О купце Израеле известно крайне мало. Согласно справочнику А. И. Серкова "Русское масонство", Иоганн Гейнрих Август Израель, уроженец Франкфурта-на-Одере, лютеранин, состоял членом масонской ложи Урании, которой руководил известный литератор XVIII века Владимир Лукин и которую посещал Николай Новиков. По-видимому, Израель был человек со связями, светскими и литературными. Можно сделать точный вывод о знакомстве Рылеева с семейством купца: в 1820-х годах поэт брал у кого-то из его представителей деньги в долг.

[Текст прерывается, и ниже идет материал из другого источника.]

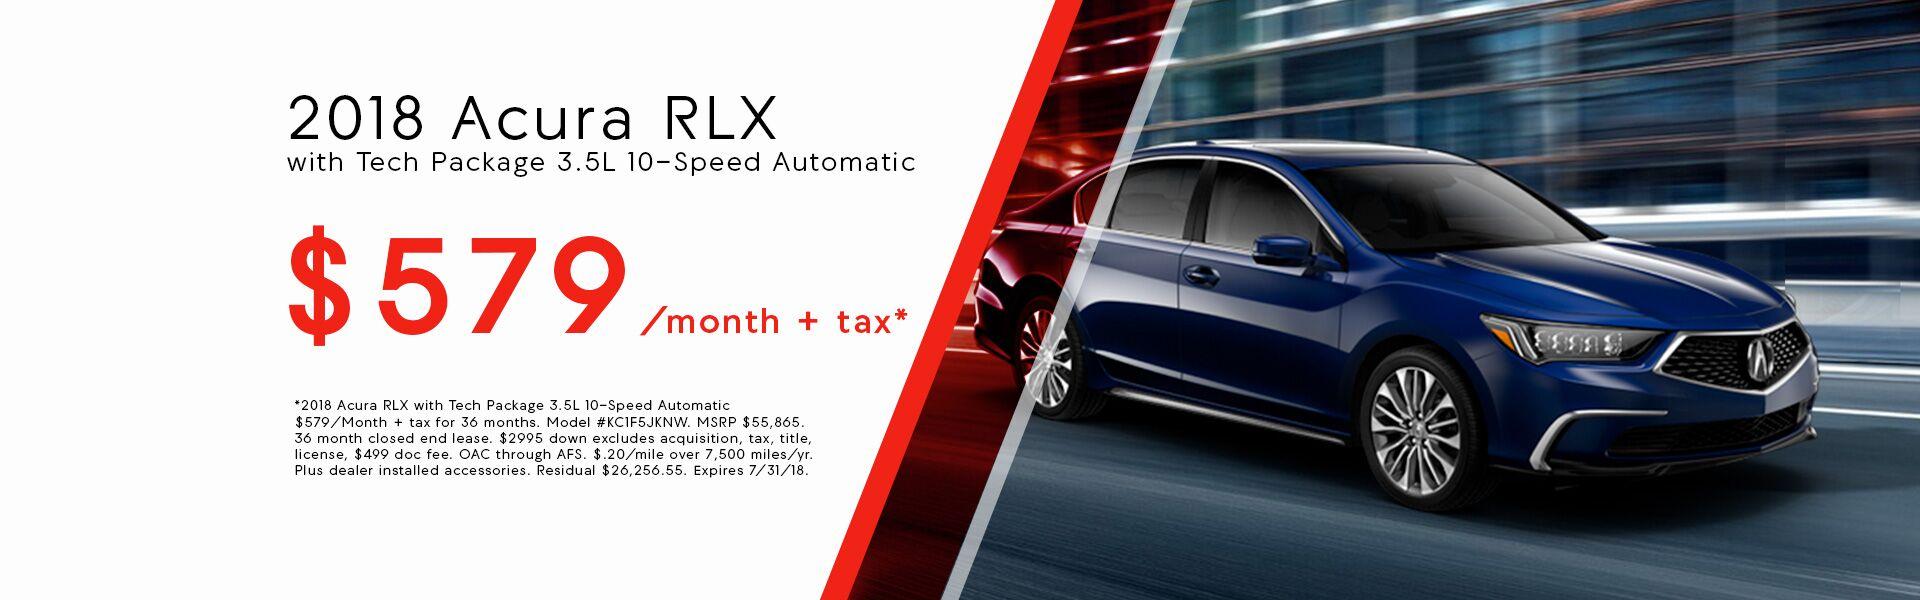 2018 Acura RLX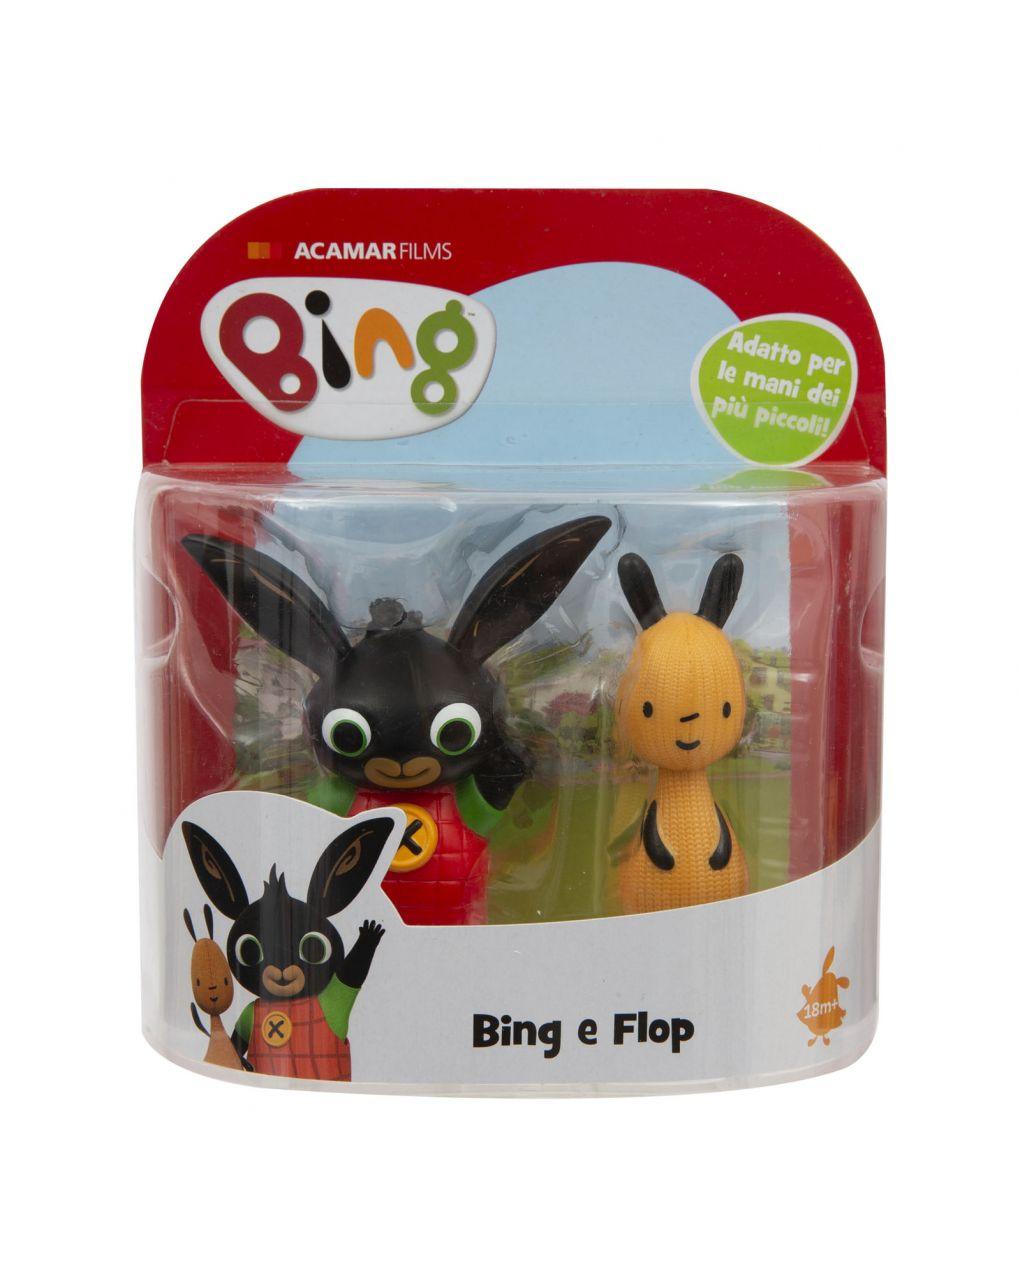 Personagens do casal bing acenam 2 - Bing

В 1824 году вышел еще один указатель Адлера, дополняющий первый (цензурное разрешение - 7 января 1824 года). В нем дом 627 уже числится принадлежащим "Малютиной Катерине, генерал-лейтенантше". Этот дом впоследствии будет постоянно фигурировать в официальных бумагах Екатерины Ивановны. Малютина писала, что он принадлежит "собственно ей" и в октябре 1823 года заложен в Опекунский совет. Этот же дом как ее собственность упоминается во многих позднейших документах и адресных указателях.

Между тем после смерти Петра Малютина в сентябре 1820 года его жена и дети остались "в совершенно скудном состоянии". Уже через месяц, в ноябре, вдова генерала просила императрицу Елизавету Алексеевну принять на свой счет содержание ее дочерей Екатерины и Любови в частном пансионе "девицы Неймейстер" - поскольку не имела средств "не токмо продолжать воспитание дочерей… в помянутом пансионе собственным своим иждивением, но даже и доставлять им безнуж[д]ное содержание". В удовлетворении просьбы, однако, было отказано, поскольку императрица находилась в ссоре с содержательницей пансиона и решила "не иметь более в том пансионе своих воспитанниц". Конечно же в подобной ситуации речь о покупке дома в столице идти просто не могла.

Вывод может быть только один: дом Израеля достался Малютиной по наследству, а значит, "биржевой маклер" (скончавшийся, по-видимому, как раз между выходом в свет первого и второго указателей Аллера) был ее родственником - скорее всего, отцом.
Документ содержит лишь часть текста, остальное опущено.